# [Task item]
All the data beneath this line is to be reproduced exactly.

# [Records supplied]

··········

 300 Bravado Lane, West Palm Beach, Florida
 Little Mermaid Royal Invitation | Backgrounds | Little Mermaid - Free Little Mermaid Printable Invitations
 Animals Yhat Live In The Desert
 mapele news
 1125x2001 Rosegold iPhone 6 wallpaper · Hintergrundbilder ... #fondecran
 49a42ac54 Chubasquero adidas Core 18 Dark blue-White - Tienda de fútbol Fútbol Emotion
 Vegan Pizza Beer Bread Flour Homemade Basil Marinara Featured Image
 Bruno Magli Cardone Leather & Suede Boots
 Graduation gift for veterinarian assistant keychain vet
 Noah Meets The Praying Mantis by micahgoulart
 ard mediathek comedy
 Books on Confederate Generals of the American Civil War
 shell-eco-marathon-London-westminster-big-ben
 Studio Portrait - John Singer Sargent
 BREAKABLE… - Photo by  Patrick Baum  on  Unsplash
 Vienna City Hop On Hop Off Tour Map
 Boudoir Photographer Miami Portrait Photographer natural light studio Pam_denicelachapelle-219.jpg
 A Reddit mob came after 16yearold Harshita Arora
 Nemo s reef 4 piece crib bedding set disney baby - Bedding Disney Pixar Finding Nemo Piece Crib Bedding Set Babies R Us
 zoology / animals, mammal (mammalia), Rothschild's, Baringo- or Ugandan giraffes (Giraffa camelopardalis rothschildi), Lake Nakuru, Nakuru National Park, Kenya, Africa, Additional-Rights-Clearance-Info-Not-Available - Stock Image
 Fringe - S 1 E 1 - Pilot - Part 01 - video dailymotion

··········

# [Output for this task]
 300 Bravado Lane, West Palm Beach, Florida
 Little Mermaid Royal Invitation | Backgrounds | Little Mermaid - Free Little Mermaid Printable Invitations
 Animals Yhat Live In The Desert
 mapele news
 1125x2001 Rosegold iPhone 6 wallpaper · Hintergrundbilder ... #fondecran
 49a42ac54 Chubasquero adidas Core 18 Dark blue-White - Tienda de fútbol Fútbol Emotion
 Vegan Pizza Beer Bread Flour Homemade Basil Marinara Featured Image
 Bruno Magli Cardone Leather & Suede Boots
 Graduation gift for veterinarian assistant keychain vet
 Noah Meets The Praying Mantis by micahgoulart
 ard mediathek comedy
 Books on Confederate Generals of the American Civil War
 shell-eco-marathon-London-westminster-big-ben
 Studio Portrait - John Singer Sargent
 BREAKABLE… - Photo by  Patrick Baum  on  Unsplash
 Vienna City Hop On Hop Off Tour Map
 Boudoir Photographer Miami Portrait Photographer natural light studio Pam_denicelachapelle-219.jpg
 A Reddit mob came after 16yearold Harshita Arora
 Nemo s reef 4 piece crib bedding set disney baby - Bedding Disney Pixar Finding Nemo Piece Crib Bedding Set Babies R Us
 zoology / animals, mammal (mammalia), Rothschild's, Baringo- or Ugandan giraffes (Giraffa camelopardalis rothschildi), Lake Nakuru, Nakuru National Park, Kenya, Africa, Additional-Rights-Clearance-Info-Not-Available - Stock Image
 Fringe - S 1 E 1 - Pilot - Part 01 - video dailymotion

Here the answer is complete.